The Central Asia – Center gas pipeline system is a Gazprom controlled system of natural gas pipelines, which run from Turkmenistan via Uzbekistan and Kazakhstan to Russia.  The eastern branch includes the Central Asia - Center (CAC) 1, 2, 4 and 5 pipelines, which start from the south-eastern gas fields of Turkmenistan.  The western branch consists of the CAC-3 pipeline and a project to build a new parallel Caspian pipeline. The western branch runs from the Caspian Sea coast of Turkmenistan to north.   The branches meet in western Kazakhstan.  From there the pipelines run to north where they are connected to the Russian natural gas pipeline system.

History
The system was built between 1960 and 1988.  Construction began after discovery of Turkmenistan's Dzharkak field in the Amu Darya Basin, and the first section of the pipeline was completed in 1960.  CAC-1 and 2 were commissioned in 1969 and CAC-4 was commissioned in 1973.  In 1976, two parallel lines were laid between Shatlyk compressor station and Khiva.  CAC-5 was commissioned in 1985 and in 1986-88 the Dauletabad–Khiva line was connected.  The western branch (CAC-3) was constructed in 1972-1975.

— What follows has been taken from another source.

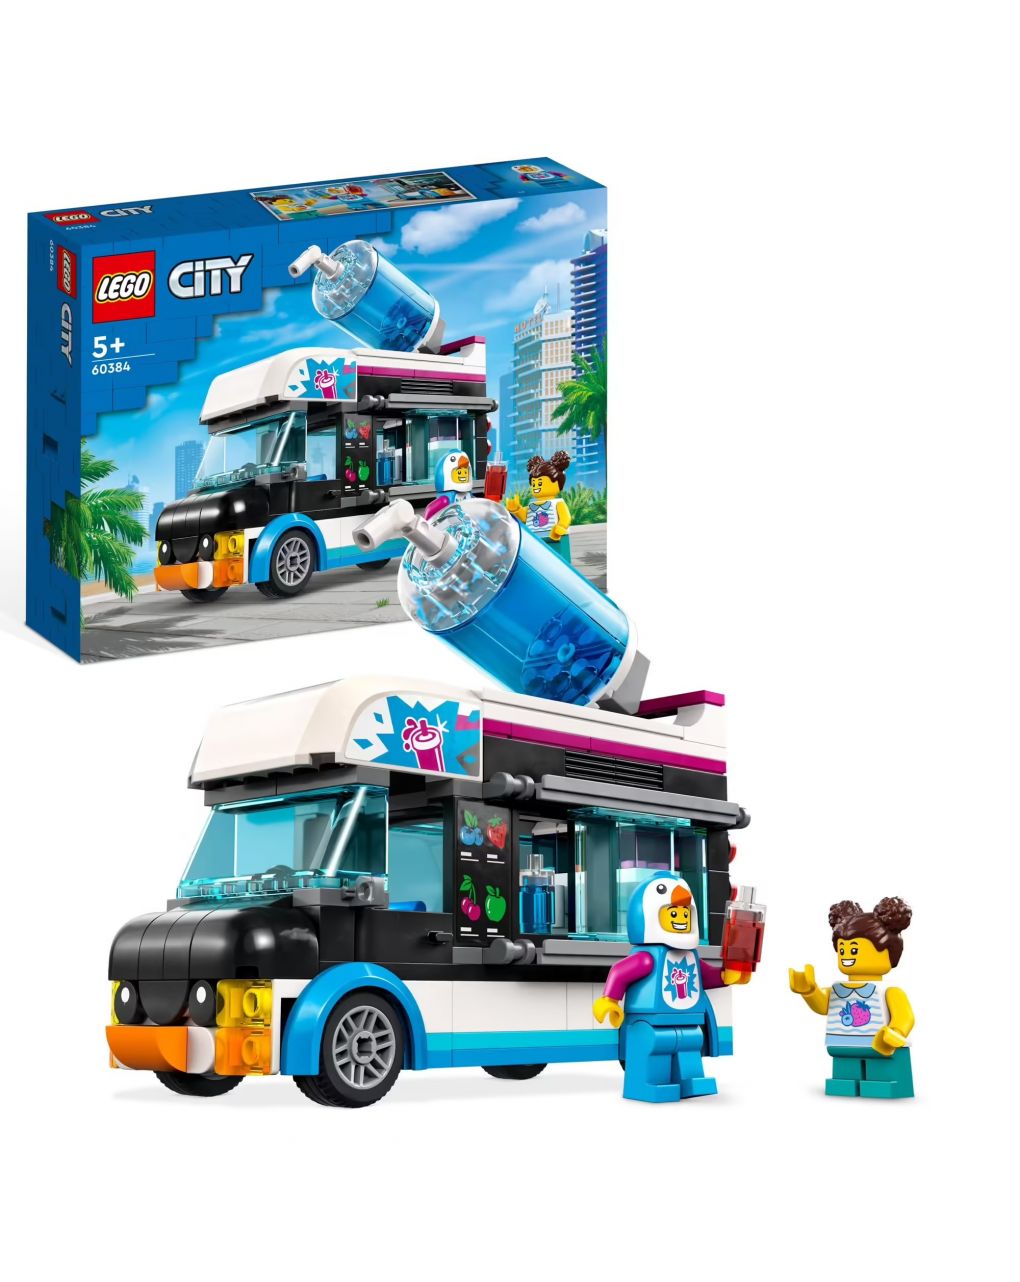 Lego city great vehicles penguin slushy van 60384

In 2003, the late President of Turkmenistan Saparmurat Niyazov proposed to renovate existing systems and construct a new parallel pipeline to the western branch.  On 12 May 2007, Vladimir Putin of Russia, Nursultan Nazarbayev of Kazakhstan and Gurbanguly Berdimuhamedow of Turkmenistan signed a memorandum for renovation and expansion of the western branch of the pipeline. On 20 December 2007, Russia, Turkmenistan and Kazakhstan finalized agreement on construction of the Caspian Coastal Pipeline parallel to the existing CAC-3 pipeline (known as Bekdash–Europe pipeline or Okarem–Beineu pipeline).

Technical features
Almost all Uzbek and Turkmen natural gas is delivered through the CAC pipeline system, mainly through the eastern branch due to location of production sites and poor technical condition of the western branch. CAC-1, 2, 4 and 5 pipelines are supplied from gas fields in the South-East of Turkmenistan, mainly from the Dauletabad gas field.  The eastern branch starts from the Dauletabad field and continues through the Shatlyk gas field east of Tejen to Khiva, Uzbekistan. From there the pipeline system transports gas north-west along Amu Darya to the Kungrad compressor station in Uzbekistan. From Kungrad, most of the gas is carried via Kazakhstan to the Alexandrov Gay gas metering station in Russia.  At Alexandrov Gay CAC pipelines meet with Soyuz and Orenburg–Novopskov pipelines. From there two lines run northwest to Moscow, and two others proceed across the Volga river to the North Caucasus-Moscow transmission system.  The diameter of most pipelines varies from . Current capacity of the system is 44 billion cubic meters (bcm) per year. An agreement is in place to increase capacity to 55 bcm per year by 2010 and through modernization there is potential to increase capacity to 90 bcm per year.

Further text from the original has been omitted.